Unlike traditional documentary photography approaches, Ayma Zepita's work neither exoticizes nor distances: she portrays, through her own experience, the active part of communities and their life cycles. Her archive, now housed by the MUSEF, consists of more than 18,000 negatives, glass plates, and printed photographs, many of which have never been seen outside of Bolivia.
This participation marks a milestone in the history of Indigenous photography on the international contemporary art scene, and positions the MUSEF as a leading institution in the safeguarding, dissemination, and reinterpretation of decolonizing visual heritage.
“We are not just carrying photographs: we are carrying with us the spirituality, community life, struggles, and aesthetics of the indigenous peoples of the Andes. It is a voice that was not silenced; it is an image that multiplies in Latin American memory,” the press release emphasizes.
The MUSEF also invites national and international audiences to visit the permanent gallery dedicated to Damián Ayma Zepita at its main headquarters in La Paz. This gallery, open Monday through Sunday, allows visitors to explore his work in a comprehensive manner, bringing visitors closer to an aesthetic woven with patience, identity, and human depth.

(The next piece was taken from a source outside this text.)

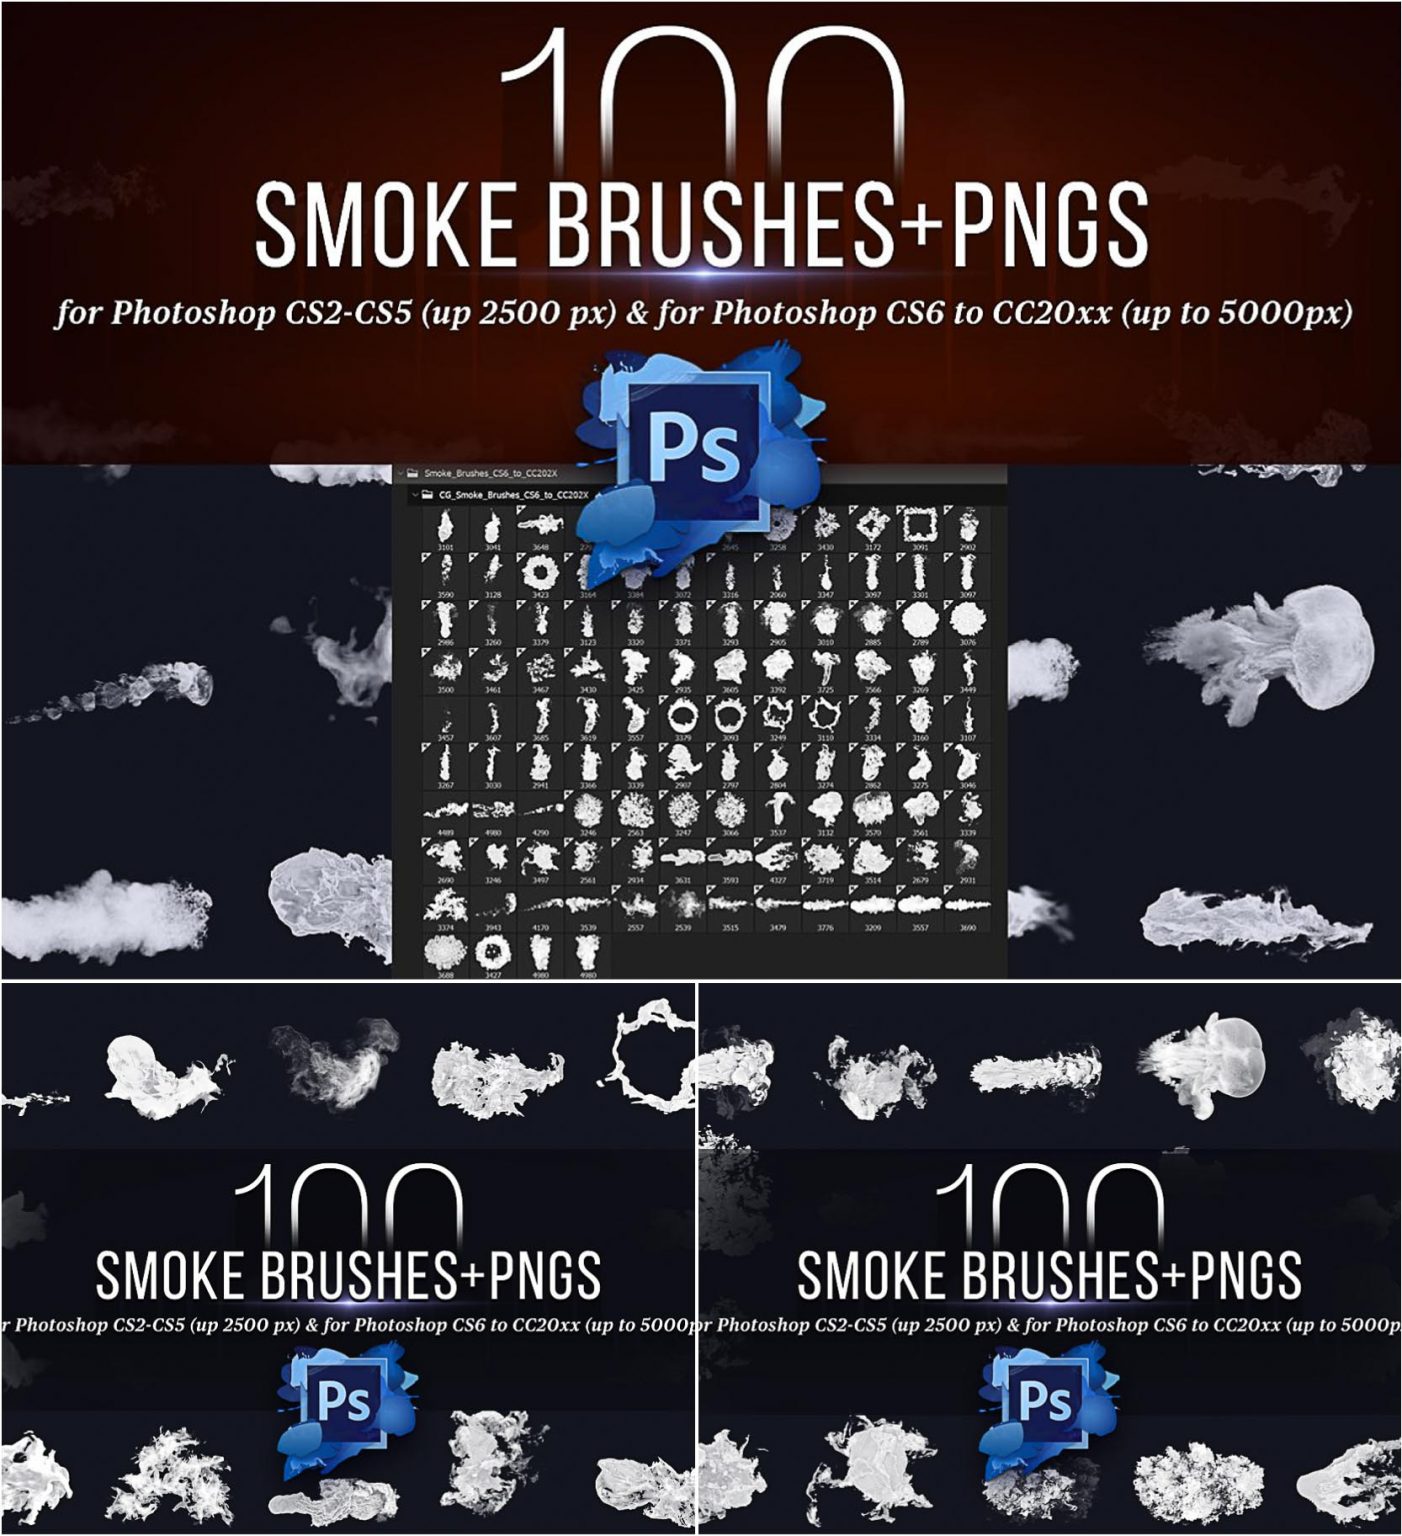 adobe photoshop cs5 smoke brushes free download

Damián Ayma Zepita didn't just carry a camera: he carried time. On horseback, in trucks, or on foot, with a camera equipment weighing almost 30 kilos, Damián traveled the roads of the highlands, the valleys, and the edges of the Bolivian Amazon with the firm intention of recording the life of the people. He had no formal academic studies, but trained by developing film in Buenos Aires and perfecting his eye under the untamed sun of Thaya Pacha. His biography is interwoven with the untold history of the country: he documented mines like Colquiri, high-altitude carnivals, agricultural rituals, worker identifications, and family portraits that are testimony to this today. He is known as a photographer, but he was also a farmer, rancher, community planner, and an authority in his ayllu.
The impact of Damián Ayma Zepitano's work is expressed not only in the exhibitions but also in an essential reference publication: the catalog "Damián Ayma Zepita. The Itinerant Photographer," published by the MUSEF in 2016. This work brings together 155 photographs selected from more than 3,000 digitized photographs and is the result of rigorous archival, technical, and ethnographic research. Its pages reveal Ayma Zepita's life, his versatility as a farmer, rancher, designer, and photographer, as well as his keen aesthetic perception forged among Andean valleys, mines, and rituals. The catalog can be purchased at the Jatha-MUSEF store, as a tangible tribute to one of the most powerful visions of 20th-century Bolivia. This publication is simultaneously an educational tool, a gesture of memory, and a visual manifesto that places the Indigenous subject at the center of the national narrative.
Despite the tragedy, the decision to keep the Mercosur Biennial alive reaffirms Porto Alegre's essential place as the epicenter of Latin American artistic thought. From Bolivia, the MUSEF joins this commitment to cultural and ethical reconstruction, convinced that art is a form of care, healing, and shared memory. It can be visited until June 1.